MD simulations were conducted using Amber16 (University of California, San Francisco, CA, USA) for a more precise prediction of binding patterns between each ligand and PDE2. The partial atomic charges of each ligand were calculated using the Hartree–Fock method at the 6–31G* level in Gaussian 03 (Gaussian, Inc., Wallingford, CT, USA). Then, Antechamber (Amber16) was applied to fit the restricted electrostatic potential (RESP) and to assign the general amber force field (GAFF) parameters. For the PDE2 protein, the Amber14SB force field was assigned. For the force field parameters of Zn²⁺ and Mg²⁺, the “nonbond model” method was applied for the assignment. The protonation states of amino acid residues were set according to pH = 7.0. Each simulation system was solvated with an 8 Å TIP3P water box in the form of a truncated octahedron. Na⁺ ions were added for neutralization of the whole system.

Each system was investigated through MD simulations. After energy minimization, the system was gradually heated in the NPT ensemble from 10 to 300 K over 25 ps. Then, eight-nanosecond MD simulations were conducted in the NPT ensemble with a constant pressure and temperature of 1 atm and 300 K, respectively. Periodic boundary conditions were utilized. An 8 Å cutoff for long-range electrostatic interactions with the partial mesh Ewald (PME) method was simultaneously employed. The SHAKE algorithm was adopted to restrict bonds involving hydrogen atoms, and thus, the time step was set to 2 fs. An Intel(R) Xeon(R) Bronze 3106 CPU and a GeForce RTX 2080Ti GPU were employed to accelerate the process of MD simulations for each system.
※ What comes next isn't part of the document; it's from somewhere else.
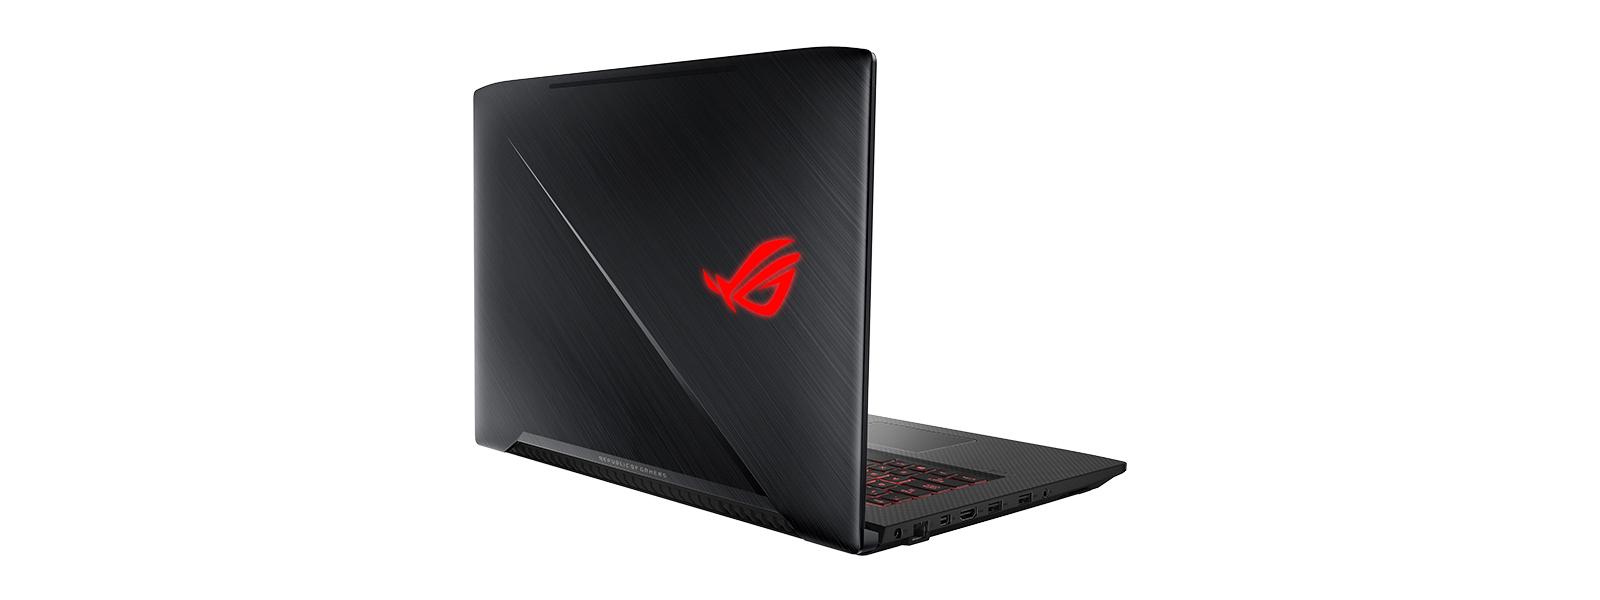 ASUS ROG Strix GL703VM Scar Edition 17 Laptop
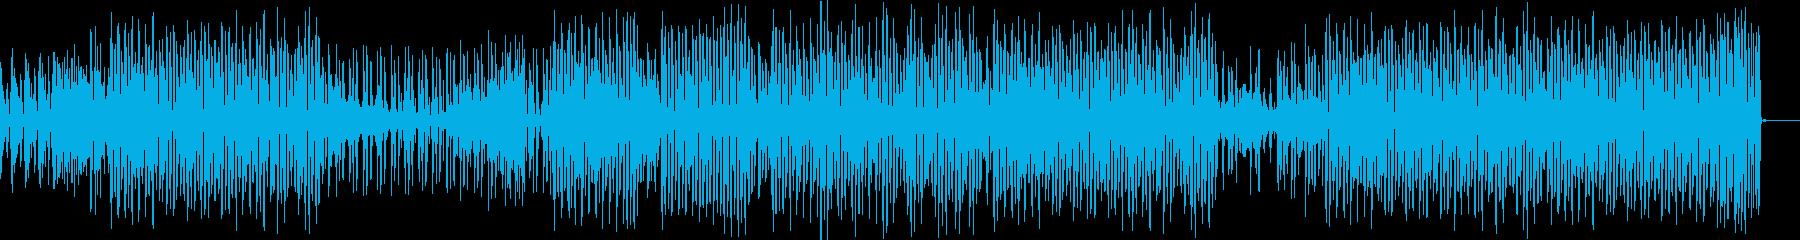 レトロでコミカルなダンストラックの再生済みの波形

3.4.3. Binding Free Energy Calculations

MM-PBSA binding free energy calculations were performed by extracting 100 snapshots of trajectories in the last 1 ns with default parameters assigned. According to the MM-PBSA method, the binding free energies (ΔG_bind) were calculated using Equation (1), in which G_complex, G_rec and G_lig represent the free energies of the complex, receptor, and ligand, respectively. Each free energy value is calculated as the sum of the MM energy E_MM, the solvation free energy G_solv, and the entropy contribution S, respectively, leading to Equation (2). ΔE_MM represents the gas-phase interaction energy. It is decomposed into E_{MM, complex}, E_{MM, rec}, and E_{MM, lig}. The solvation free energy represents the sum of the electrostatic solvation free energy and nonpolar solvation free energy. The entropy contribution for each system was omitted, since this computational process is extremely time-consuming for large protein–ligand systems.

ΔG_bind = G_complex − G_rec − G_lig

(1)

ΔG_bind = ΔE_MM + ΔG_solv − TΔS

(2)

4. Conclusions

In summary, a series of dihydropyranopyrazole derivatives were designed, synthesized, and evaluated as PDE2 inhibitors with the assistance of molecular docking. The optimal compound is (+)-11h, in which the side chain on the benzene ring connected to the pyran ring is shifted from the 3-position to the 2-position, the chlorine on the side chain is replaced by a trifluoromethoxy group, and the methoxy group is shifted from the 4-position to the 5-position. (+)-11h exhibits potent inhibitory activity against PDE2, with an inhibition rate of 93.6% at 0.5 μM and an IC₅₀ value of 41.5 nM. In addition, (+)-11h has high selectivity against PDE2 compared with several other PDEs. Furthermore, both the molecular docking of PDE2-(+)-11h and energy decomposition reveal that the side chain at position 2 of the compound enters the H-pocket and forms strong hydrophobic interactions with L770/L809/F862, which may contribute to its improved inhibitory activity. The above results may provide insight for further structural optimization of highly potent PDE2 inhibitors and lay the foundation for the use of PDE2 inhibitors in the treatment of AD.